SaTScan is a software tool that employs scan statistics for the spatial and temporal analysis of clusters of events. [1] [2] [3] [4] The software is trademarked by Martin Kulldorff, and was designed originally for public health and epidemiology to identify clusters of cases in both space (geographical location) and time and to perform statistical analysis to determine if these clusters are significantly different from what would be expected by chance [1] [5] [6] The software provides a user-friendly interface and a range of statistical methods, making it accessible to researchers and practitioners. [1] [7] While not a full Geographic Information System, the outputs from SaTScan can be integrated with software such as ArcGIS or QGIS to visualize and analyze spatial data, and to map the distribution of various phenomena.
SaTScan employs scan statistics to identify clusters of space and time phenomena. [1] Scan statistics use regular shapes (usually circles) of varying sizes to evaluate a study area. [8] [9] Within each circle, the software computes if the phenomena within the circle is significantly different than expected compared to the area outside the circle. [8] [9]

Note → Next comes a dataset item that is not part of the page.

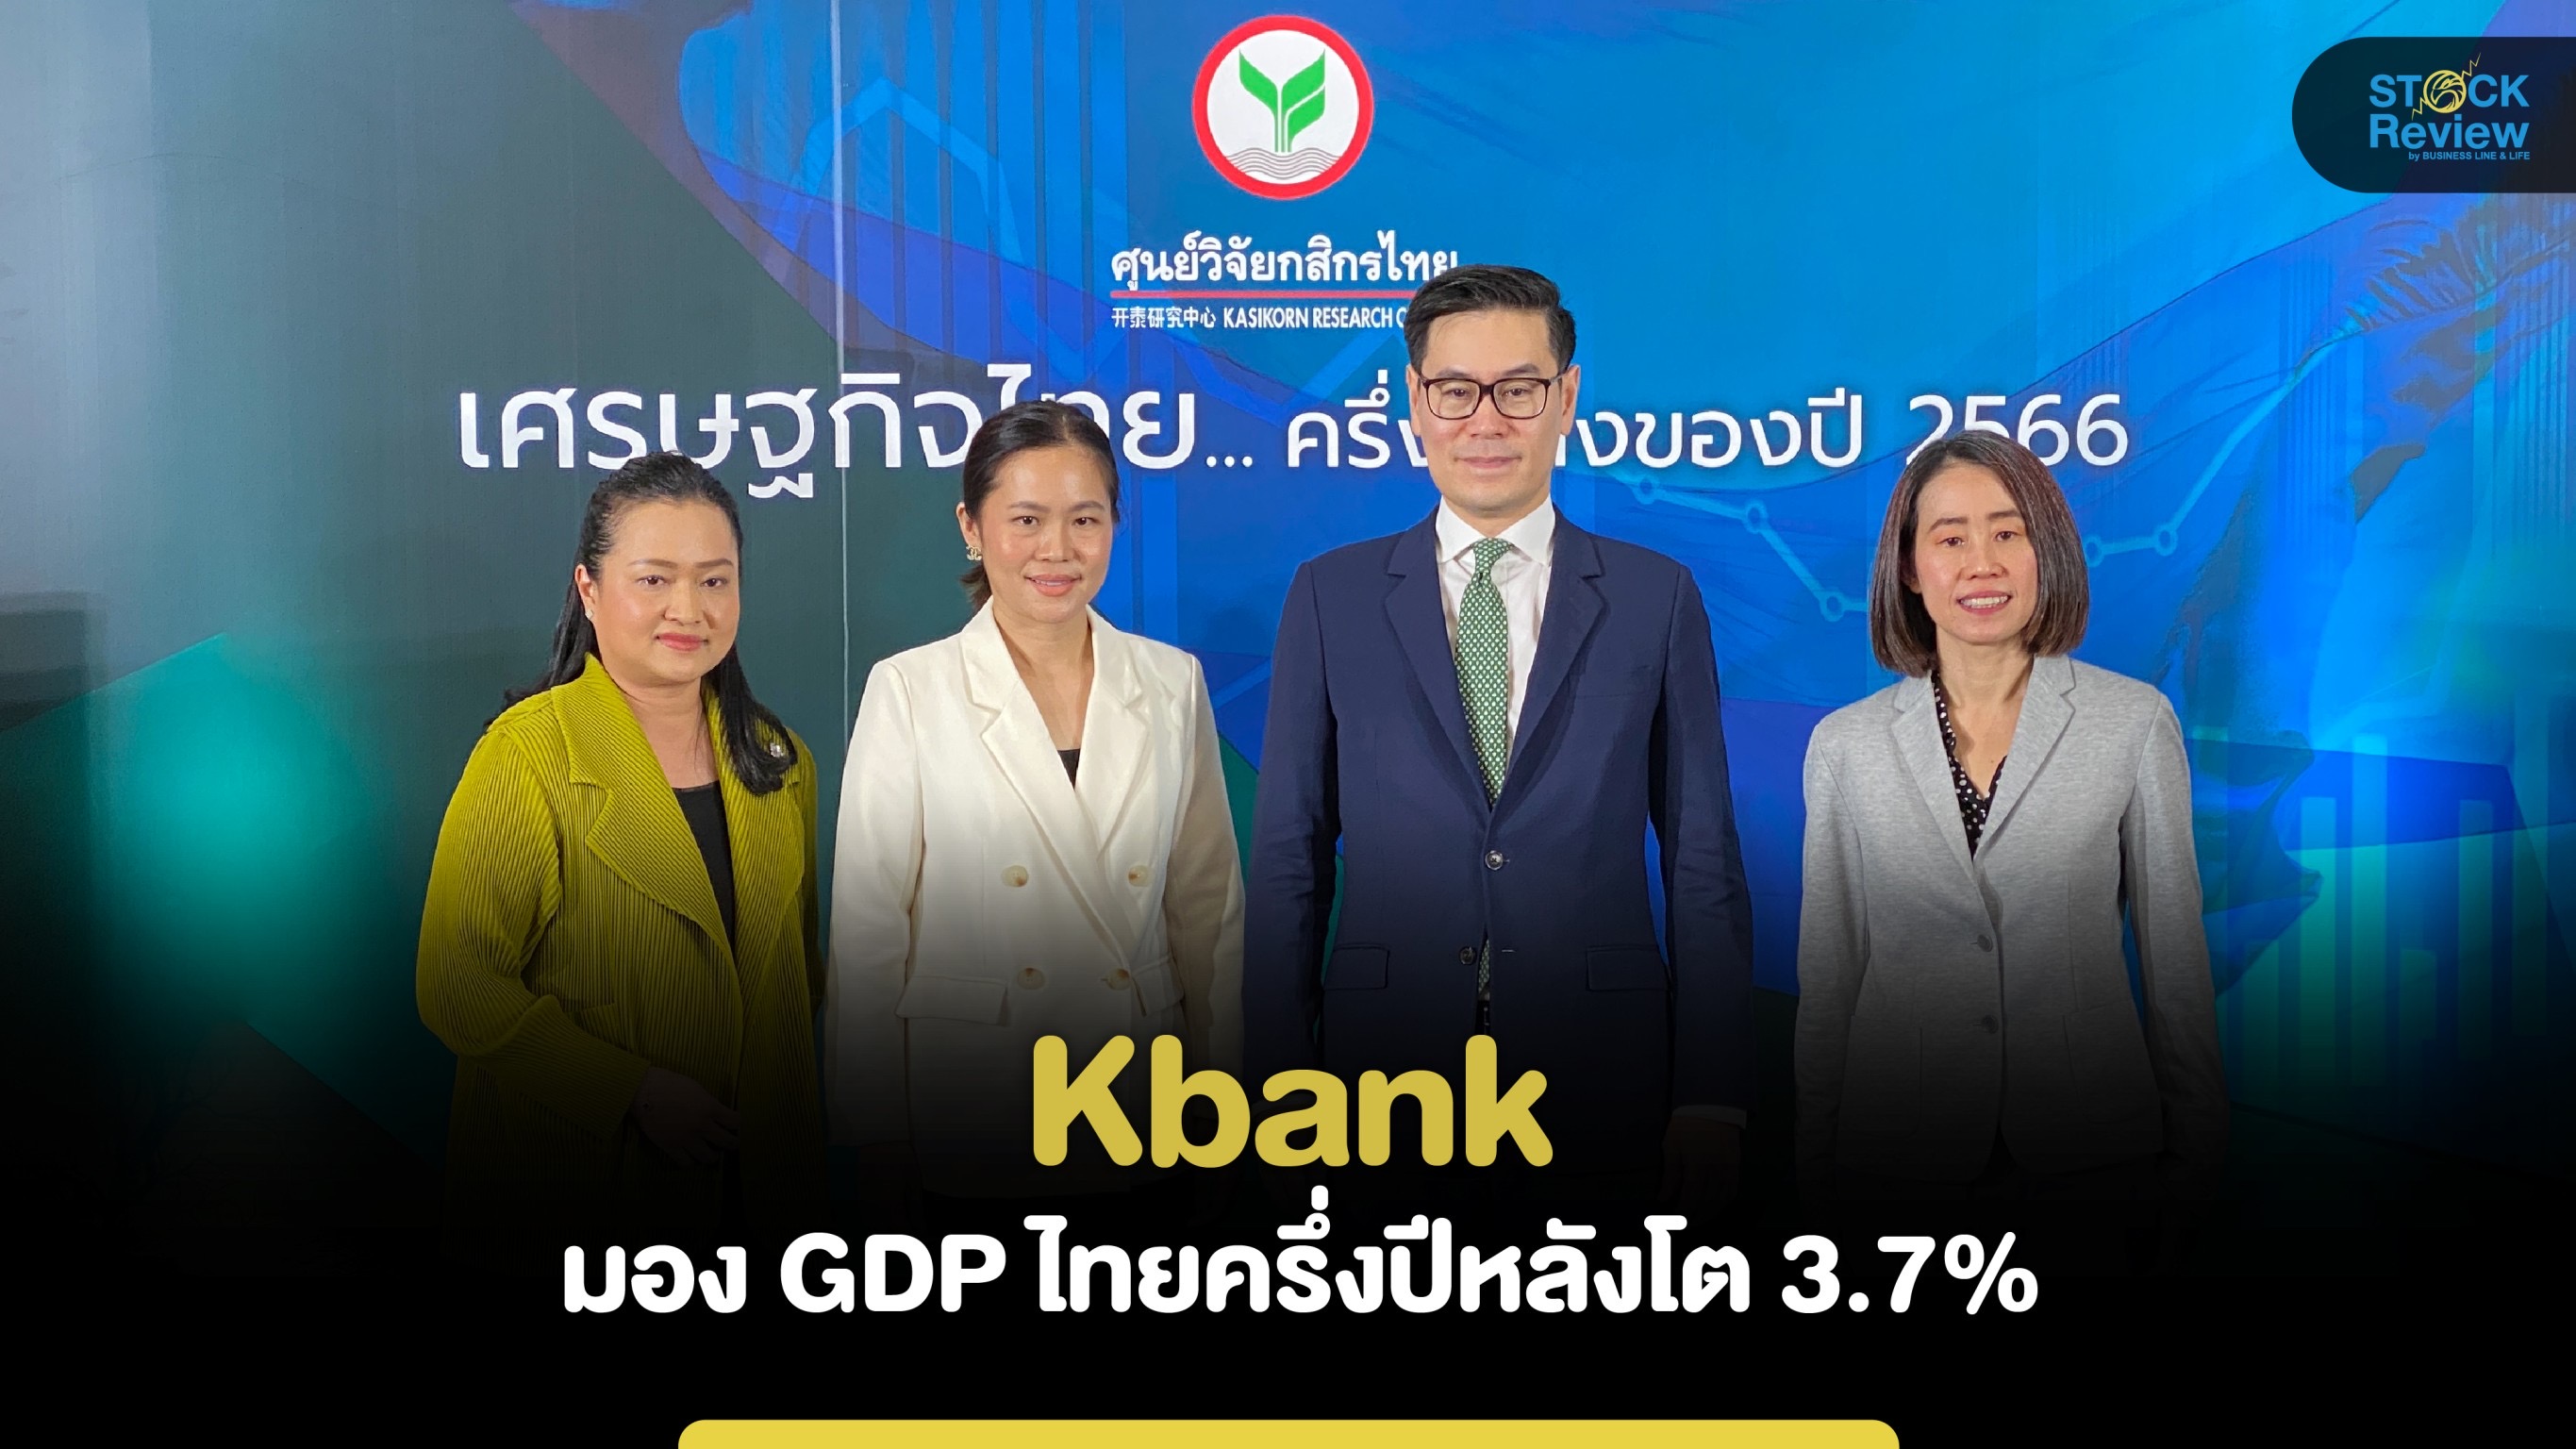 KBANK คาดเศรษฐกิจไทยครึ่งปีหลัง จีดีพีโต 3.7% ส่งออกติดลบ 1.2% หนี้ครัวเรือนสูง

SaTScan can analyze data retrospectively or prospectively. It can look at the data spatially, temporally, or simultaneously incorporate both space and time. [1] SaTScan can incorporate numerous probability models, including Poisson distribution, Bernoulli distribution, Monte Carlo method, and multinomial distribution. [1] [2] [9] Using these, it can look for areas of higher and lower occurrences of phenomena than expected. [1]

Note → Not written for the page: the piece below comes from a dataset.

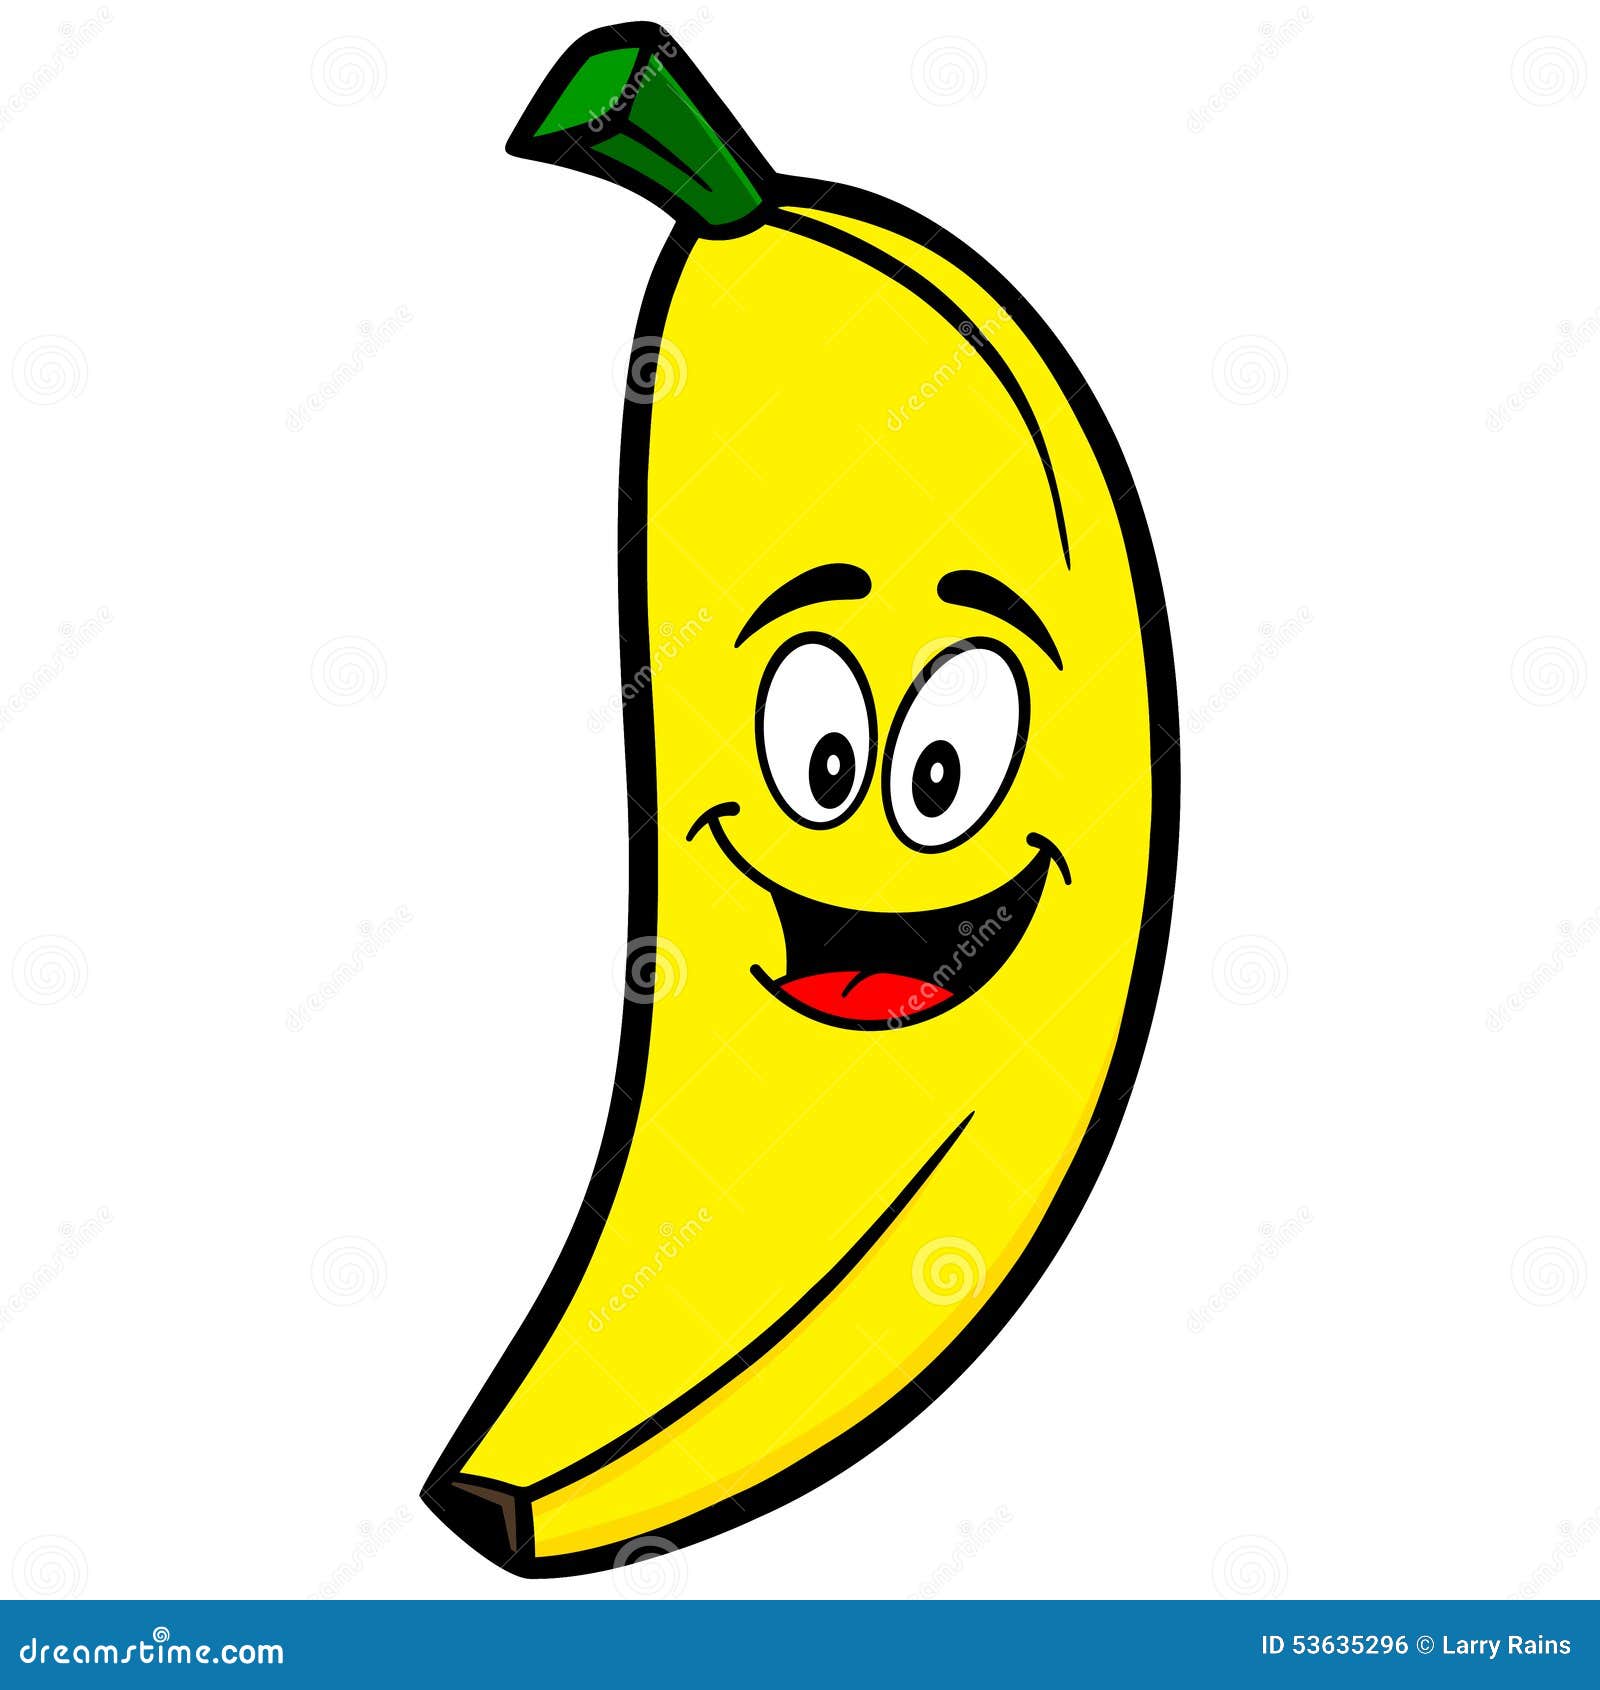 banana cartoon mascot illustration 53635296

Results are output into a variety of formats, including ESRI Shapefile, HTML, and KML. [1]
SaTScan was developed by a group of epidemiologists and statisticians led by Martin Kulldorff, a Swedish biostatistician professor of medicine at Harvard Medical School. [10] Version 1.0 of the software was first released in 1997 and has since become a widely used tool in the field of public health research and practice. [11]
SaTScan was developed in response to a growing need for sophisticated tools to analyze disease outbreaks. [2] Before the development of SaTScan, few tools were available that could effectively analyze the spatial and temporal patterns of disease, making it difficult for public health authorities to respond effectively to outbreaks.
Since its release, SaTScan has been used in many public health research studies, including infectious diseases, cancers, and other conditions. [1] Public health authorities and disease surveillance systems have also adopted the software in many countries, and it has broad applications for other types of data. [2]
SaTScan was used extensively by researchers during the COVID-19 pandemic. [12]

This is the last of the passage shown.